Moving on, I should first say it is always risky to label people and groups, and I see no benefit to drawing certain distinctions just for the sake of doing so. So, you might ask, why do it? The reason is that I think the future of Iowa water quality, and maybe the future of Iowa in general, is strongly related to the dynamic (another relevance-generating word) between these three groups.

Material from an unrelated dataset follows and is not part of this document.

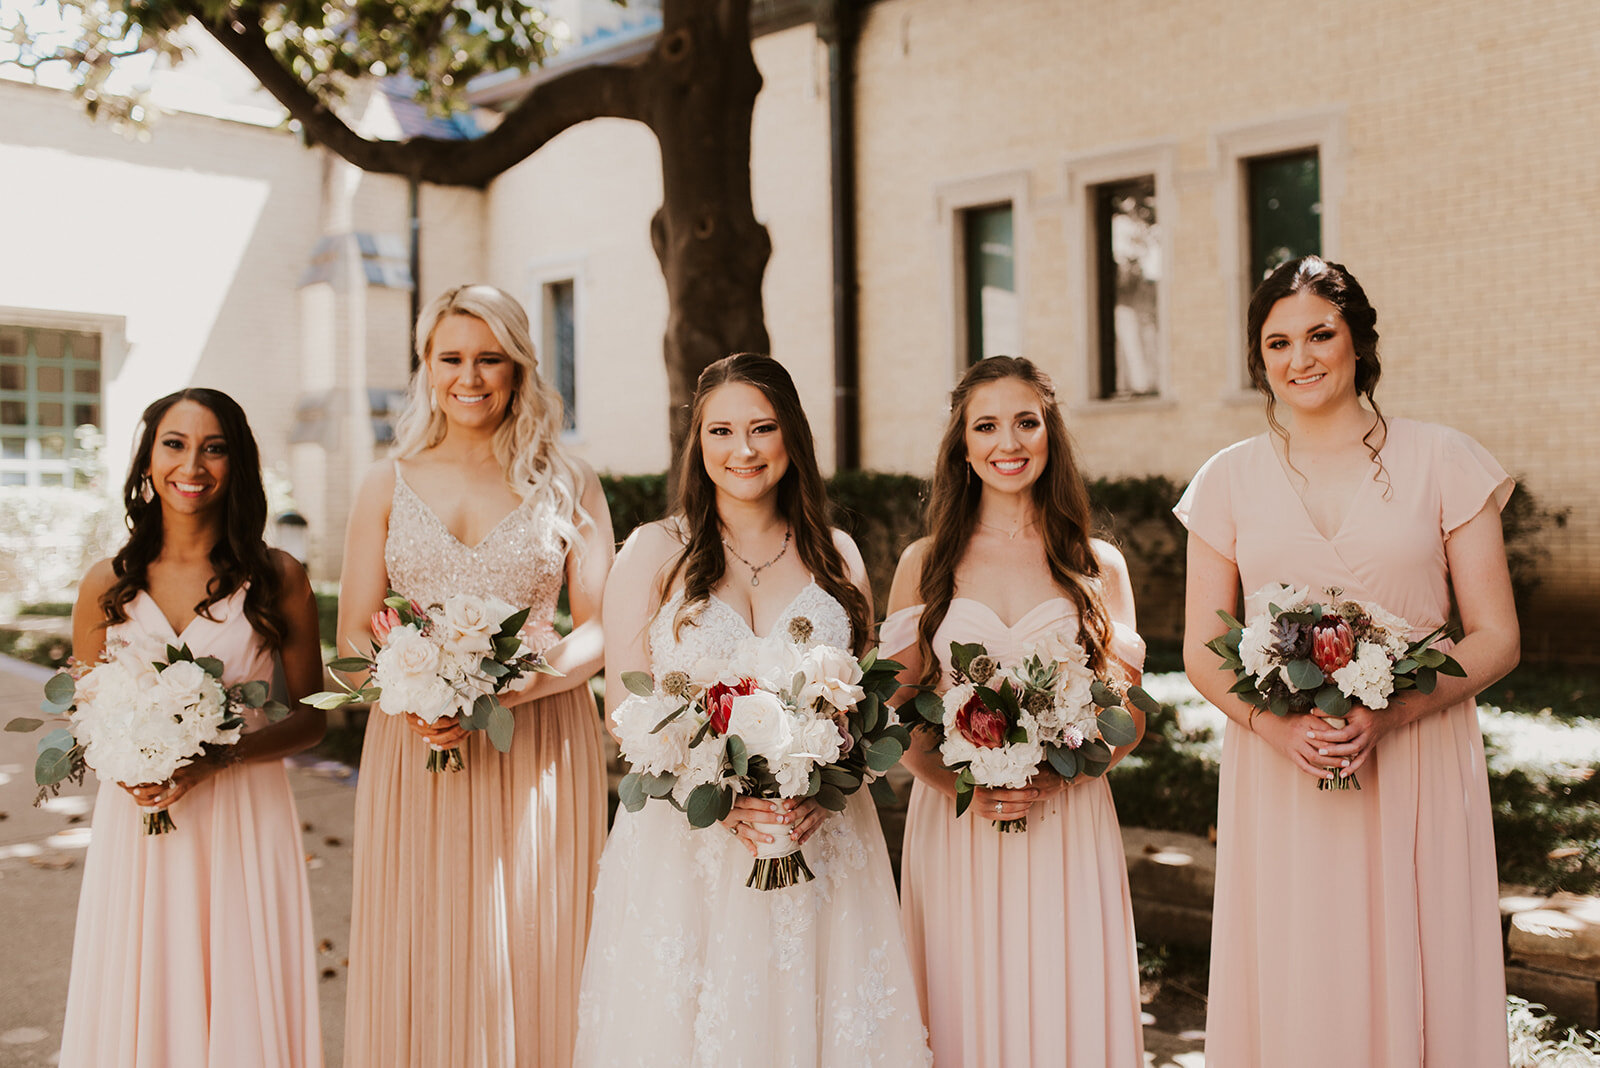 tsphoto-brock_wedding-101.jpg

I doubt many people can imagine an Iowa future without corn. It’s easy to see why this starch- and sugar-making machine had religious meaning for many Native American cultures. For some it was a dietary savior. Iowa weather and soil, crop genetics and other technologies, policies that favor trade and specialization, and indemnification of its production have made Corn the King the chosen one to the exclusion of all others. No other crops will come before Him.

But have we focused so much on corn that we have forgotten about some other things that might be holy to us—our rural communities and our water?

As agriculture has consolidated, so have our schools: from over 4000 Iowa school districts mid-20th century to 333 now (2). When I look at county-level population data going back to 1969 (3), seven of our 99 counties (Polk, Johnson, Dallas, Linn, Story, Scott and Warren) have added a combined 509,000 people while the rest of Iowa lost 158,000 people. Over the last 50 years, 66 Iowa counties have lost population; 34 have declined more than 20%. And many of these lie within our BEST areas for growing corn and soy: Pocahontas County, -47%, Calhoun County, -34%; Cherokee County, -34%; Kossuth County, -36%; Sac County, -38%. I’m old enough to remember when small towns had not only a school but also a physician, an attorney, a grocery store and a restaurant, and a barbershop. On this point, I must side with the Heretics: Rural Iowa helped King Corn prosper but He sure didn’t make Rural Iowa prosperous. He is a jealous god, I suppose. Or maybe a more rational way to look at it is that 2/3 of our counties made a deal with the devil. The cost of doing business has been the demise of small town Iowa.

Iowa population growth

So you might reasonably wonder if this piece is “out of my lane” (trendy phrase). What does this have to do with water quality? I’m convinced that Fundamentalism (and the resulting consolidation) has complicated our issues with nitrogen pollution. As the farms get bigger, the farmers fewer, the hogs more numerous, and the weather wetter, time windows for field work get shorter. Why do we keep putting tile in? We HAVE to. We need more tile to move more water so that more acres get planted in the spring. Why do we do fall tillage? We HAVE to. Not enough time to get it done in the spring. Why do we apply manure to too-warm soil and on top of snow? We HAVE to. There’s too much to handle in too short of time.

Unfortunately, we don’t HAVE to have clean water.  I guess.

As I’ve been thinking about this piece these past few days, I quite accidentally became aware of this Bible verse (Ecclesiastes 9:11). It’s beautiful writing: I returned and saw under the sun that the race is not to the swift, nor the battle to the strong, neither yet bread to the wise, nor yet riches to people of understanding, nor favor to the skillful, but time and chance happeneth to them all.

That’s all I want to say today.

  1. Andrews-Speed, P., Bleischwitz, R., Boersma, T., Johnson, C., Kemp, G. and VanDeveer, S.D., 2014. Want, waste or war?: the global resource nexus and the struggle for land, energy, food, water and minerals. Routledge.